Alibaba's Qwen AI Model Breaks Open-Source Records

Introduction to Qwen3-235B-A22B-Thinking-2507

The Qwen team from Alibaba has just released a new version of their open-source reasoning AI model with some impressive benchmarks. Meet Qwen3-235B-A22B-Thinking-2507. Over the past three months, the Qwen team has been hard at work scaling up what they call the “thinking capability” of their AI, aiming to improve both the quality and depth of its reasoning.

Key Features and Benchmarks

The result of their efforts is a model that excels at the really tough stuff: logical reasoning, complex maths, science problems, and advanced coding. In these areas that typically require a human expert, this new Qwen model is now setting the standard for open-source models. On reasoning benchmarks, Qwen’s latest open-source AI model achieves 92.3 on AIME25 and 74.1 on LiveCodeBench v6 for coding. It also holds its own in more general capability tests, scoring 79.7 on Arena-Hard v2, which measures how well it aligns with human preferences.

How it Works

At its heart, this is a massive reasoning AI model from the Qwen team with 235 billion parameters in total. However, it uses Mixture-of-Experts (MoE), which means it only activates a fraction of those parameters – about 22 billion – at any one time. Think of it like having a huge team of 128 specialists on call, but only the eight best-suited for a specific task are brought in to actually work on it. Perhaps one of its most impressive features is its massive memory. Qwen’s open-source reasoning AI model has a native context length of 262,144 tokens; a huge advantage for tasks that involve understanding vast amounts of information.

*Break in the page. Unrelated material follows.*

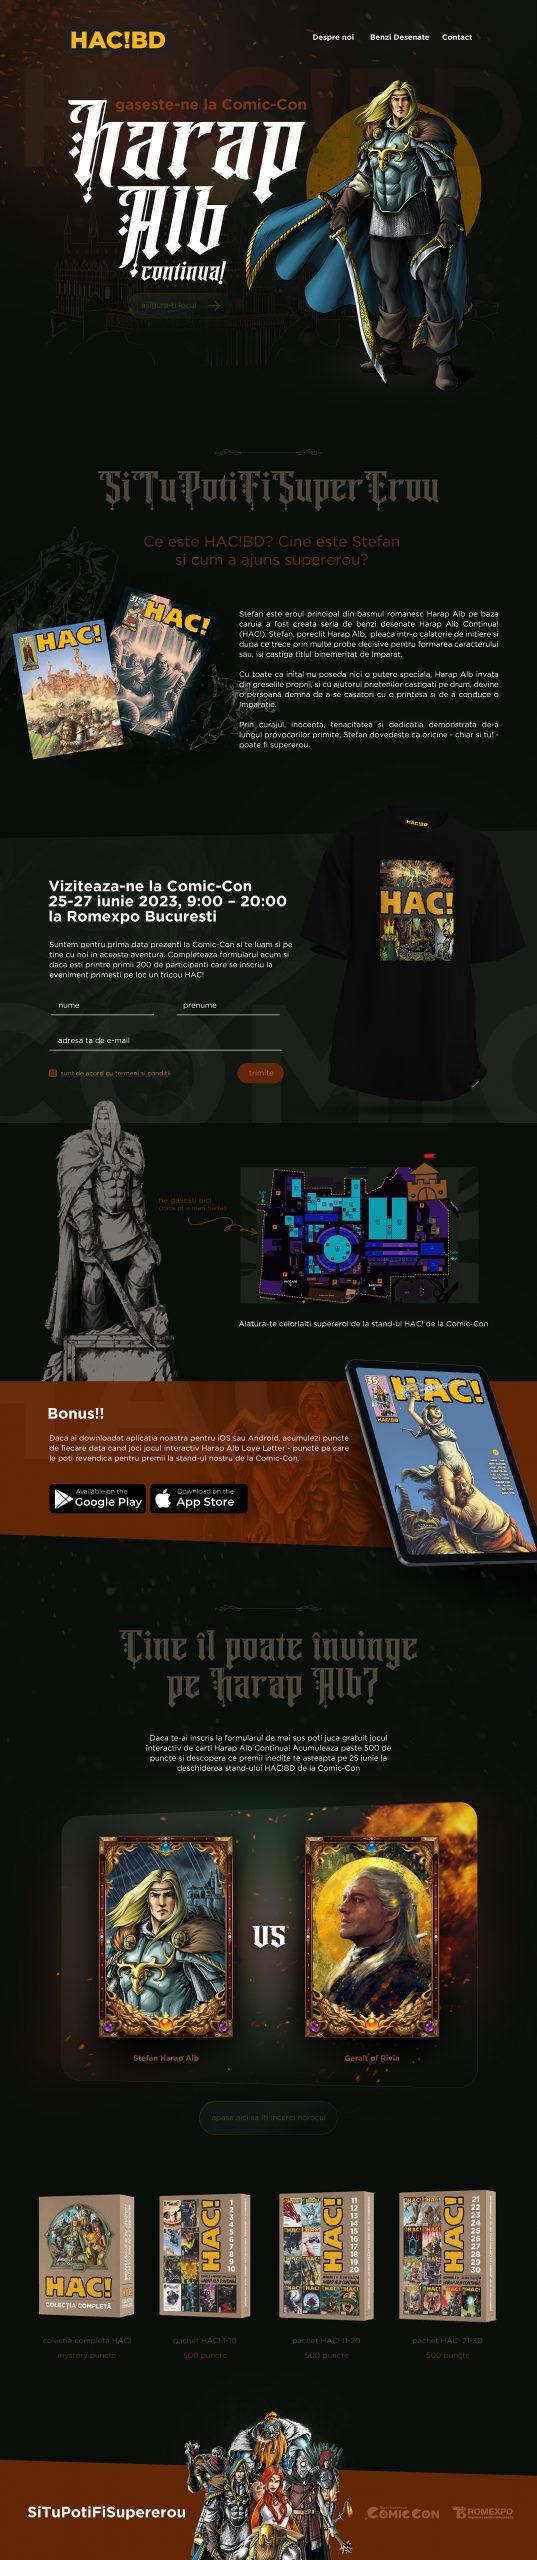 Harap Alb Continua! HAC!BD at Comic Con Landing Page UI/UX Design

Getting Started with Qwen3-235B-A22B-Thinking-2507

For the developers and tinkerers out there, the Qwen team has made it easy to get started. The model is available on Hugging Face. You can deploy it using tools like sglang or vllm to create your own API endpoint. The team also points to their Qwen-Agent framework as the best way to make use of the model’s tool-calling skills. To get the best performance from their open-source AI reasoning model, the Qwen team have shared a few tips. They suggest an output length of around 32,768 tokens for most tasks, but for really complex challenges, you should boost that to 81,920 tokens to give the AI enough room to “think”. They also recommend giving the model specific instructions in your prompt, like asking it to “reason step-by-step” for maths problems, to get the most accurate and well-structured answers.

Conclusion

The release of this new Qwen model provides a powerful yet open-source reasoning AI that can rival some of the best proprietary models out there, especially when it comes to complex, brain-bending tasks. It will be exciting to see what developers ultimately build with it.

FAQs

Q: What is Qwen3-235B-A22B-Thinking-2507?
A: Qwen3-235B-A22B-Thinking-2507 is a new version of the open-source reasoning AI model developed by the Qwen team from Alibaba.
Q: What are the key features of Qwen3-235B-A22B-Thinking-2507?
A: The model excels at logical reasoning, complex maths, science problems, and advanced coding, and has a massive memory with a native context length of 262,144 tokens.
Q: How can I get started with Qwen3-235B-A22B-Thinking-2507?
A: The model is available on Hugging Face, and you can deploy it using tools like sglang or vllm to create your own API endpoint.
Q: What are the benchmarks for Qwen3-235B-A22B-Thinking-2507?
A: The model achieves 92.3 on AIME25, 74.1 on LiveCodeBench v6 for coding, and 79.7 on Arena-Hard v2.
Q: What are the tips for getting the best performance from Qwen3-235B-A22B-Thinking-2507?
A: The Qwen team recommends an output length of around 32,768 tokens for most tasks, and boosting that to 81,920 tokens for really complex challenges. They also recommend giving the model specific instructions in your prompt.